Being able to load r0-r3 and set the stack pointer from the host allows any argument list to be created - i.e. the 'main' routine takes native types as arguments rather than nothing at all. This can help simplify some startup issues because you don't need to synchronise with anything to get the data on startup and for simple cases might be all you need.

Being able to set the entry point allows multiple 'kernels' to be stored in the same binary and be invoked without having to reload the code. It also 'fixes' the problem of having to trampoline to a 32-bit address via the startup routine if you want an off-core main (which may have limited uses).

And the imask just allows some initial system state to be configured. There may need to be more.
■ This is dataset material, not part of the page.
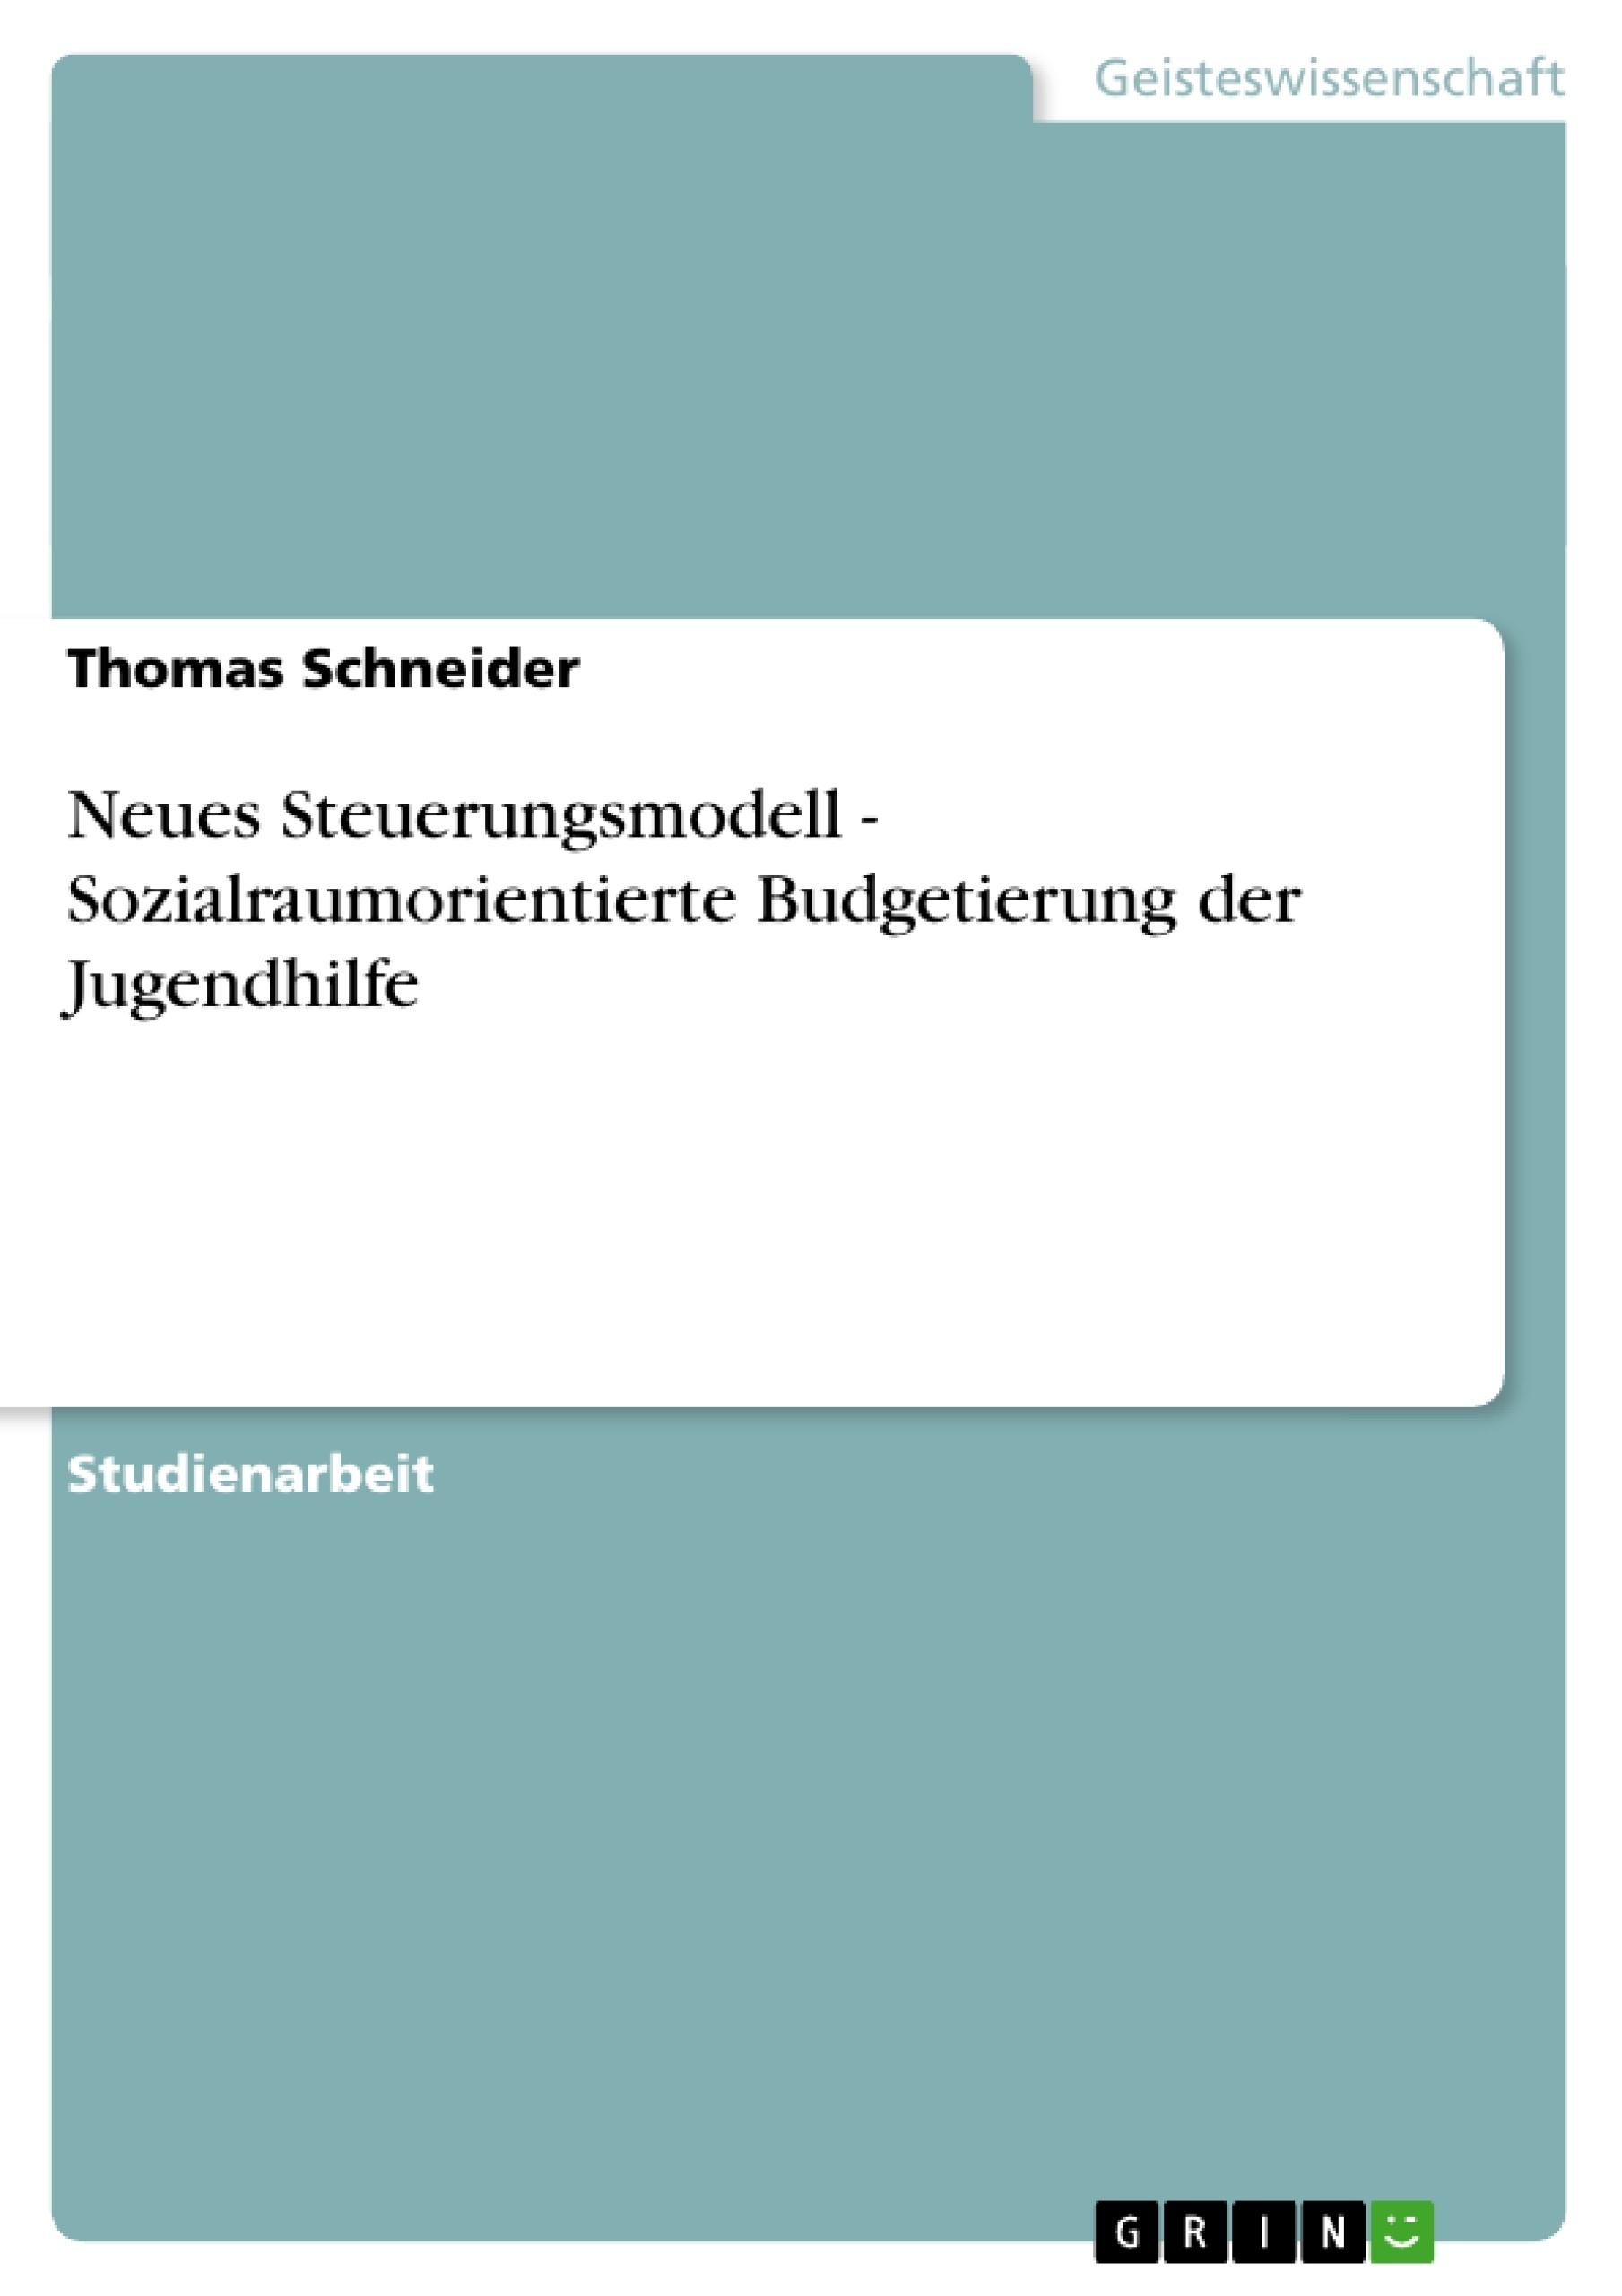 Titel: Neues Steuerungsmodell - Sozialraumorientierte Budgetierung der Jugendhilfe

And finally the exit code allows the kernel to return some value. Actually i'm not sure how useful it is but there was an empty slot and it was easy to add.

code

So to the reset interrupt handler. This is just a rough sketch of where my thoughts are at the moment and i haven't tried it on the machine so it may contain some silly mistakes or other thinkos.
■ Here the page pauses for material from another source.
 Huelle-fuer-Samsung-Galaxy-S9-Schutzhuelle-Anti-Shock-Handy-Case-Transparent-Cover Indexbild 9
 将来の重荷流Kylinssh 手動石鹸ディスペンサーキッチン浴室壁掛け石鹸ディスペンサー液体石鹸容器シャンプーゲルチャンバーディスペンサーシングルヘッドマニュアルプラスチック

        .section .text.ivt0
_ivt_sync:      
        b.l     _isr_sync       ;sync

Currently in ez-loader the section name .text.ivt0 sets the interrupt vector although because it can create the ivt entries on the fly it may be something that can be removed. Or have it work as an override in which case all the following code is never used. The compiler outputs various sections for interrupt handlers too and I intend to remain compatible with those even though interrupt handlers in c can be a bit nasty due to the size of the register file and lack of multi push/pull instructions.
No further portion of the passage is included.